整理ダンス・チェストは中身入りでそのまま運べない

整理ダンス・チェストは、引越し業者の営業員から、中身入りでもいいという許可がない限り、中身を取出して空にしてください。

整理ダンス・チェストは、本体そのものはそれなりに重いものです(もちろん、冷蔵庫や和ダンスほどではありません)。

これに、中身の荷物の重さが加わると、中身がすべて洋服だったとしても、相当の重さになります。

あまりイメージが湧かないかもしれませんが、ひとつひとつの洋服は軽いものですが、タンスに入っている量となると、途端に重くなります。

このように、中身入りのタンスは、単に「重い」という理由で、中身入りで運ぶことができません。

また、中身入りで運ぶことには、いろんなリスクやデメリットがあります(詳しくは後ほど解説します)。

中身の洋服は大型~中型のダンボールに梱包する

このような事情があるため、整理ダンスは・チェストの中身の洋服は、すべて出して、ダンボールに梱包してください。

梱包に使うダンボールは、大型か中型のダンボールです。
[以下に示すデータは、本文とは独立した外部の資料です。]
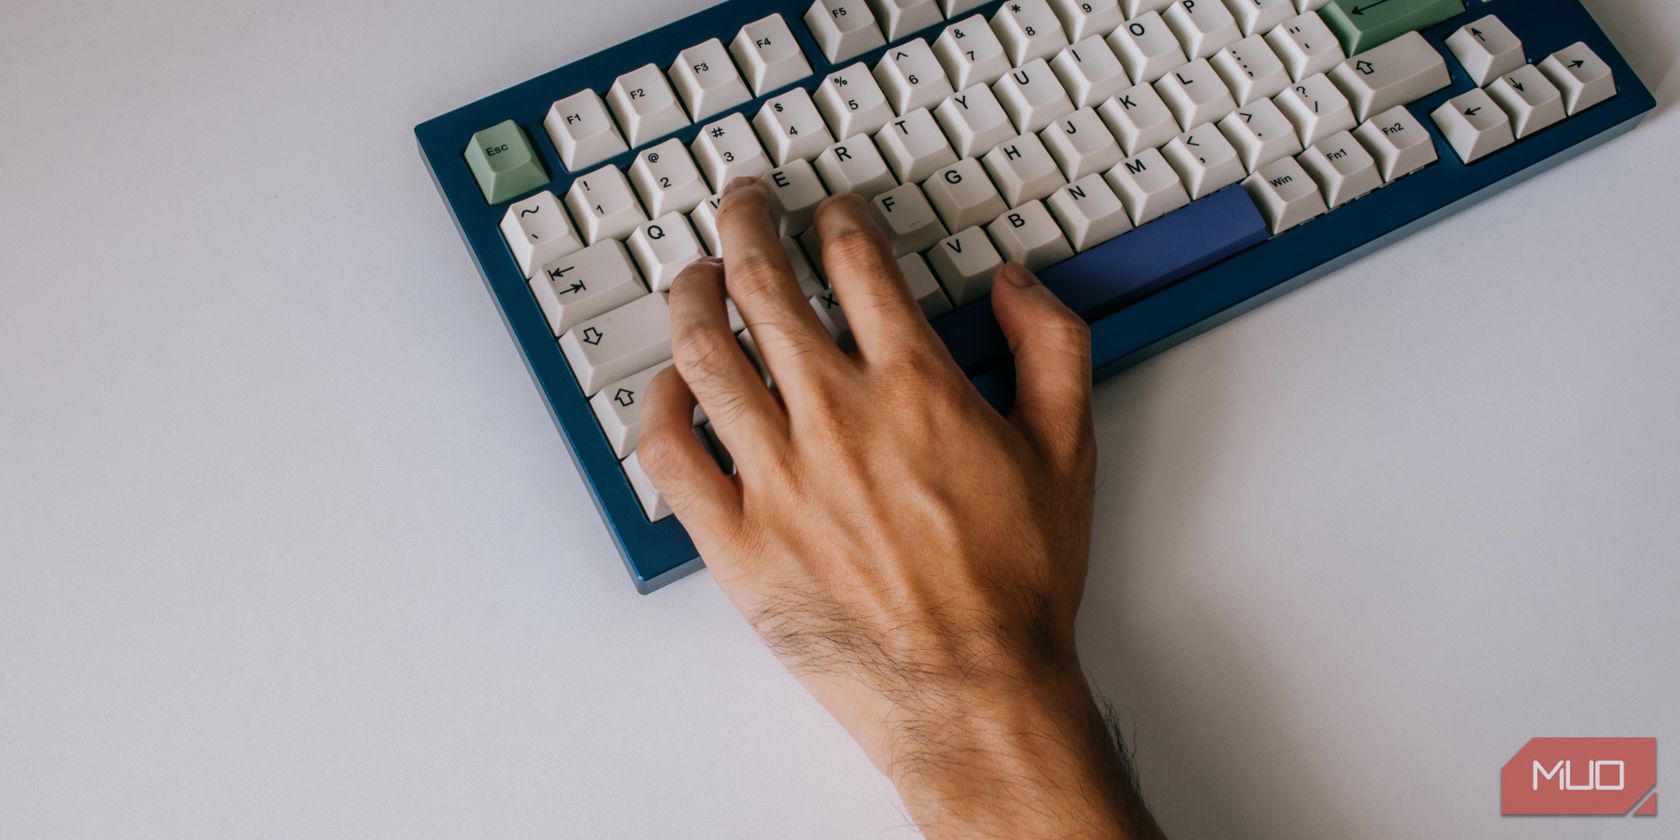 pulsos retos ao usar o teclado

食器や本を梱包する小型のサイズのダンボールは使いません。

参照:洋服などの梱包に使う―中型のダンボールの引越しでの使い方と注意点

参照:重い荷物は入れてはいけない―大型のダンボールの引越しでの使い方と注意点

洋服の梱包のしかたは、タンスに入っている、畳まれた状態で、そのままダンボールに入れるだけで大丈夫です。
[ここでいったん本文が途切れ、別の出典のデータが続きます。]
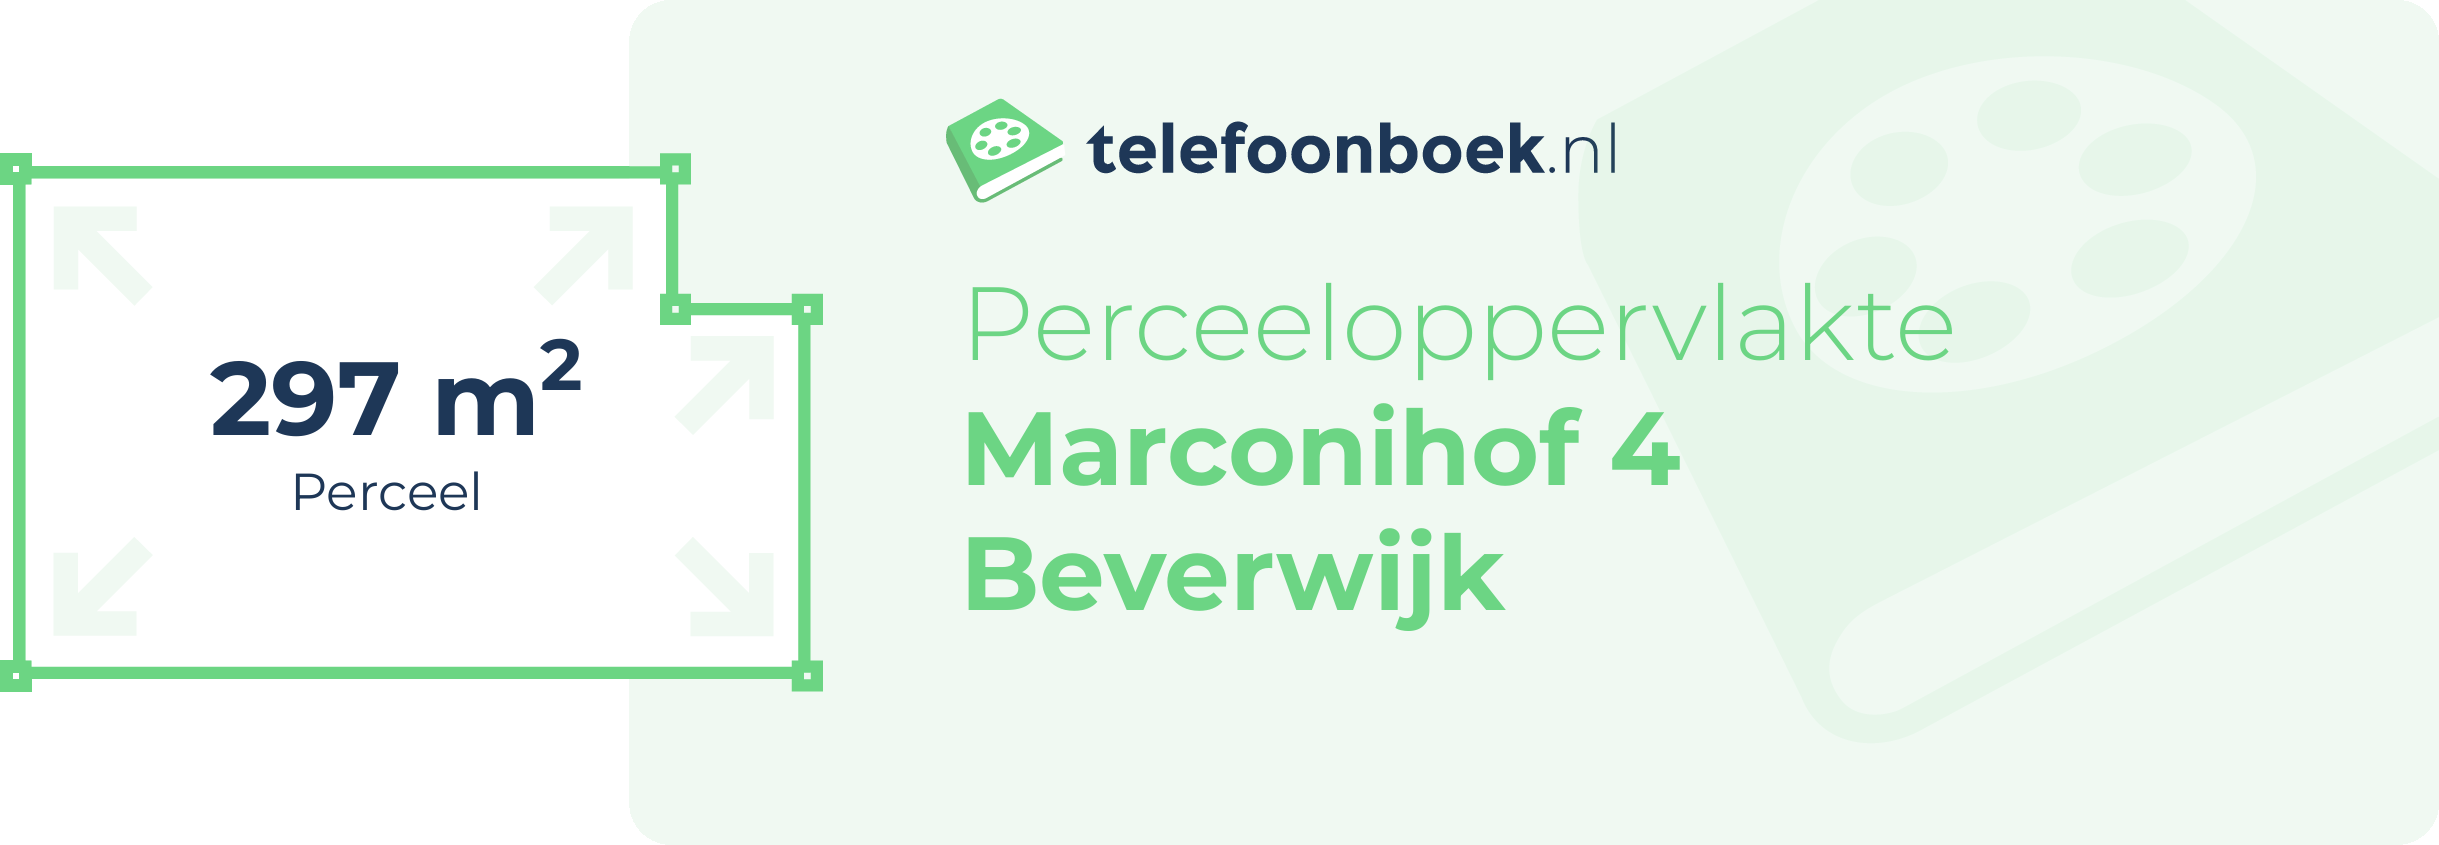 Perceeloppervlakte Marconihof 4 Beverwijk

ダンボールには整理ダンス・チェストに入っていた位置まで記入する

なお、洋服を梱包したダンボールには、洋服であることを記入してください。

同時に、整理ダンス・チェストに入っていた位置も記入します。

具体的には、どの引き出し(例:上から2番目)のどの位置(例:左・中央・右)に入っていたのかを記入してください。

これは、実際に引越し業者のスタッフが使っているテクニックです。

こうすることで、ダンボールを開梱して整理ダンス・チェストに洋服を戻すときに、スムーズに作業することができます。

女性はダンボールに「下着」と書いてはいけない

なお、女性用の下着を梱包する場合は、絶対に「下着」(下着を連想させる書き方も)と書いてはいけません。
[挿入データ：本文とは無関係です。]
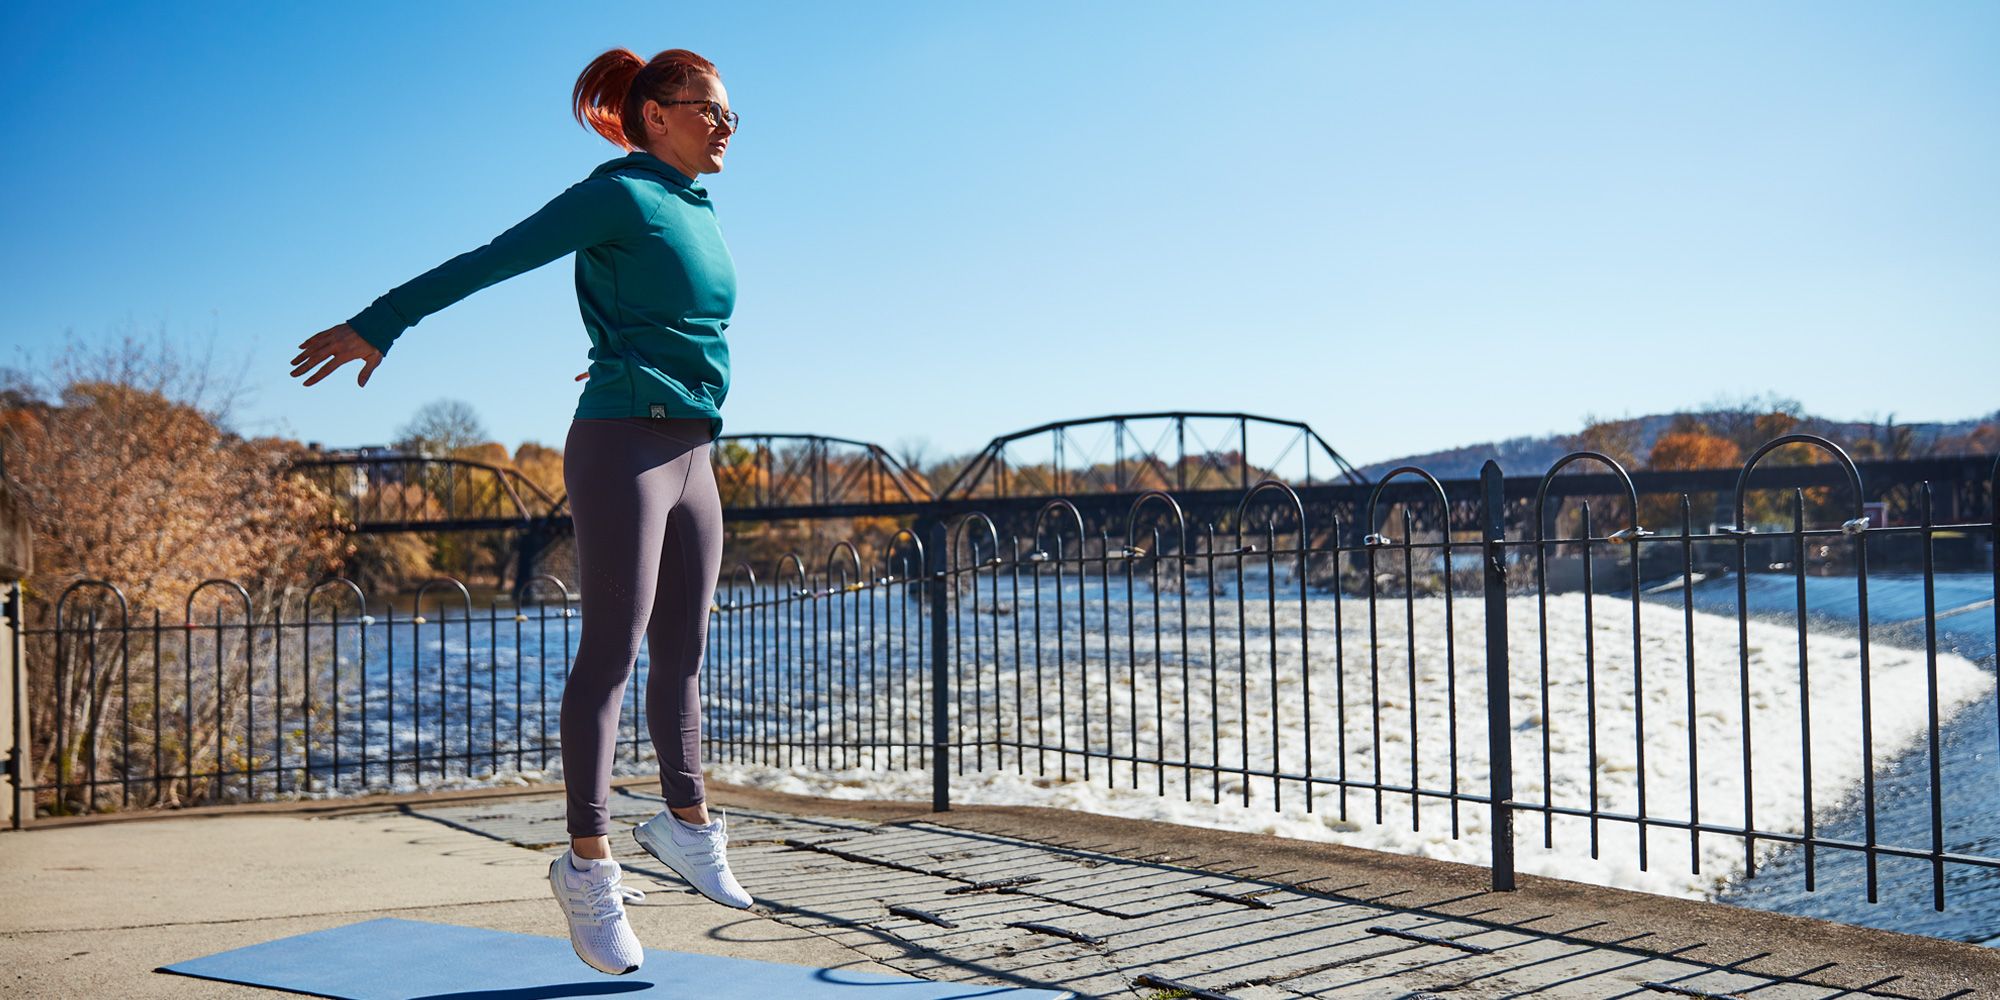 Women's Sports Wear Female Workout Tops T-shirtGym Woman Sport Shirt Yoga  Crop Top Fitness Running Jogging Seamless Long Sleeve

というのも、女性ものの下着が入ったダンボールは、盗まれたり、横領されたりするリスクがあるからです。

ですから、下着が入ったダンボールには、他人が見ても女性ものの下着が入っているとわからないように記入しておいてください。

具体的には、「洋服」「整理ダンス上から2番目・中」のような書き方にするか、「雑貨U」などの「暗号」のような書き方にしてください。

参照:引越しの時間が劇的に減る!?―ダンボールに記入する4つの必要事項

参照:対策まで徹底解説!引越しで起こる6つの犯罪(窃盗・横領・ストーカー・つきまとい・盗聴・住居侵入)

中身入りで整理ダンス・チェストを運ぶ場合のリスク・デメリット

注意喚起

引越し業者によっては中身入りで整理ダンス・チェストを運んでくれる

引越し業者によっては、中身入りで整理ダンス・チェストを運んでくれるところがあります。

実は、現場の引越し業者のスタッフとしては、わざわざ整理ダンス・チェストとその中身のダンボールを別々に運ぶのは面倒です。

また、トラックの荷台でも余計なスペースを取られてしまいます。

ですから、中身入り整理ダンス・チェストと洋服を一気に運ぶほうが、都合がいい場合もあります。

このため、引越し業者も、案外気軽に引き受けてくれる可能性もあります。特に小さいサイズのチェストであれば、中身入りで運んでくれます。

見積もりの際には、引越し業者の営業員に相談してみてください。

引越し業者の営業員は、訪問見積もりのときに、整理ダンス・チェストの現物を見て(場合によっては持ってみて)、中身入りで運べるかどうか、その場で答えてくれます。

【リスク・デメリット】中身入りで運ぶと最悪の場合バラバラになる

整理ダンス・チェストは倒したり起こしたりして運ぶ

整理ダンス・チェストを中身入りで運ぶリスク・デメリットは、タンスが「歪む」ことです。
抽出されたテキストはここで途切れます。